Table 1 Data sets used in the experiments

From Table 2, it can be seen that CKDMA obtains higher accuracies on six data sets than KSK, six data sets than NPA, and seven data sets than LIBSVM2.9, respectively. Even in the case of lower accuracies, CKDMA can achieve the same level of performance with other algorithms. Moreover, CKDMA generally takes less training time and produces less support vectors than KSK and NPA, but more than LIBSVM2.9.

Table 2 Comparison of accuracies, training time (ms), and the number of support vectors
Table 3 Comparison of four classifiers on large/high-dimensional data sets

In addition, we also conducted experiments on three large/high-dimensional data sets (i.e., a9a, leu and gis), with the results described in Table 3. Since it take too long cross validation time to choose C and \(\gamma\) for Libsvm 2.9, we directly set the default values, namely, \(C=1\) and \(\gamma =1/dim\) (0.00813 for a9a, 0.00014 for leu, and 0.00020 for gis). From Table 3, we can get that, on the selected large/high-dimensional data sets, the CKDMA is comparable to the other three classifiers.

Next, we further compare the statistical significance of CKDMA with KSK, NPA, LIBSVM. Referring to [22, 23], we use Bonferroni-Dunn test for comparison over all the selected data sets. Table 4 presents the average ranking of four algorithms, and Fig. 4 provides the corresponding critical difference (CD) diagram. The test results show there are no significant differences between CKDMA and the others.

Fig. 3
figure 3

Experimental results for different precision parameters

Table 4 Average rankings of four algorithms

4.2 Influence of precision parameter

In this subsection we investigate influence of precision parameter \(\varepsilon\) on performance of CKDMA, with \(\varepsilon\) set from \(10^{-1}\) to \(10^{-6}\). We choose eight data sets of different dimensions (i.e., fou, mo1, hea, ger, bre, son, a9a and mus). For mo1 and a9a, we directly use the indicated training and testing sets for conducting experiments. For fou, hea, ger, bre, son and mus, we randomly split each of them into two halves only once, one half for training, the other for testing. The corresponding results are shown in Fig. 3, including testing accuracy, training time, and number of support vectors.

Fig. 4
figure 4

Comparison of CKDMA against the others with the Bonferroni-Dunn test.
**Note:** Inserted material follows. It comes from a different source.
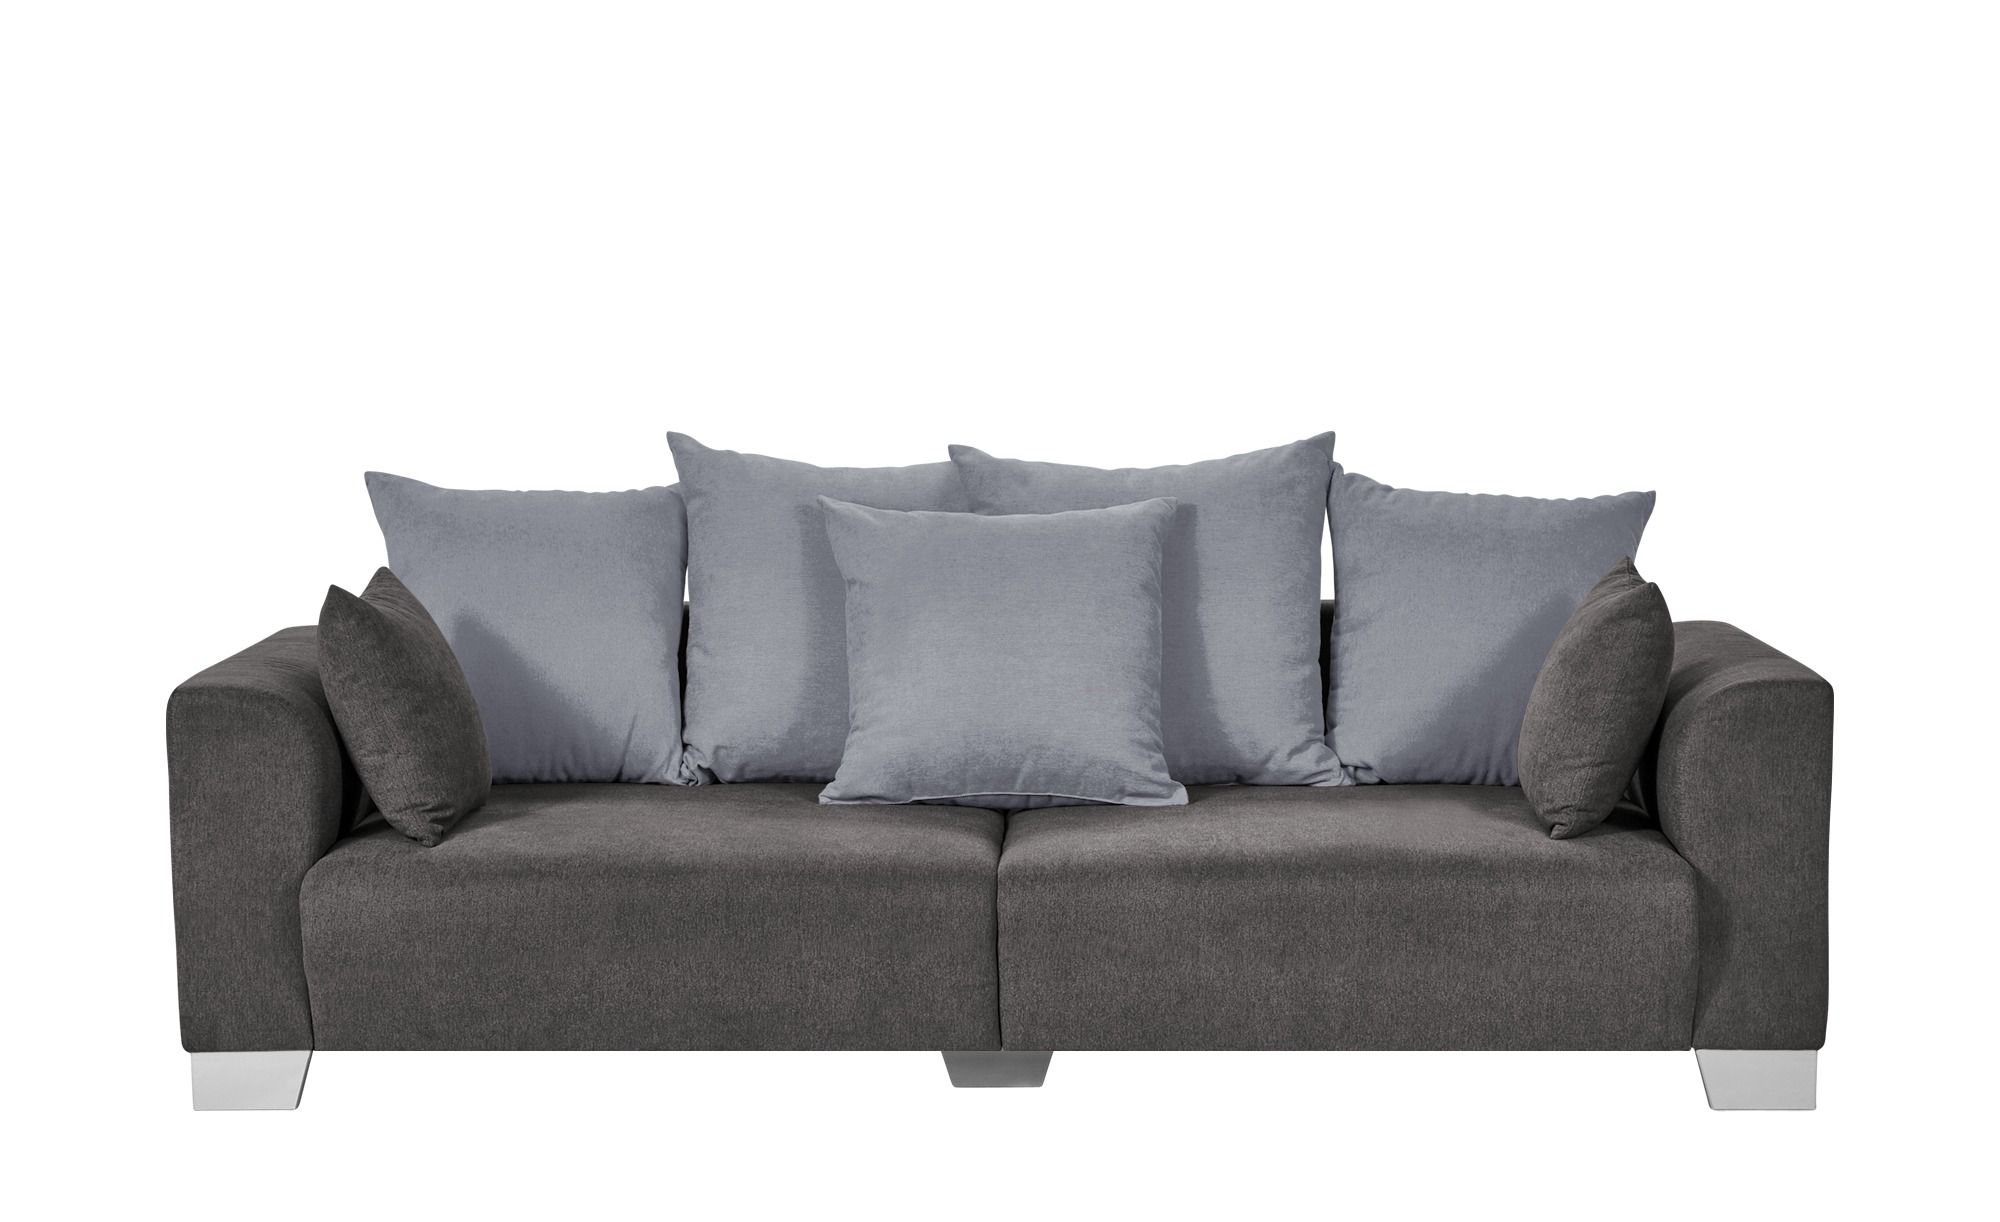 Smart Big Sofa Grau Braun Flachgewebe Tonja Grosse Sofas Sofa

All classifiers with ranks outside the marked interval are significantly different (\({ \alpha } = 0.05\)) from the control

From Fig. 3, we can see that as \(\varepsilon\) gets smaller and smaller, testing accuracies generally tend to increase and become stable. In Fig. 3a, a vertical dashed line marks a good choice of \(10^{-5}\) for CKDMA because it gives rise to satisfactory performance with relatively reasonable training time (see Fig. 3b) and number of support vectors (see Fig. 3c).

5 Conclusions

In this paper, we have explained the linear time complexity for CDMA, and further proposed a new iterative algorithm, i.e., the cross kernel distance minimization algorithm (CKDMA), to train quadratic cost support vector machines using kernel functions. Over CDMA, CKDMA can take advantages to solve non-linear and non-separable problems, preserving the simplicity in geometric meaning. Moreover, it gives a novel way to understand the nature of support vector machines. Since the basic idea of CKDMA is to express the CDMA in kernel-induced feature space, it can be implemented in a similar way to KSK and NPA, but different from LIBSVM. Experimental results show that the CKDMA is very competitive with NPA, KSK and LIBSVM2.9 on the selected data sets. As future work, we would try to introduce large margin clustering [24] for rapid generation of supports vectors.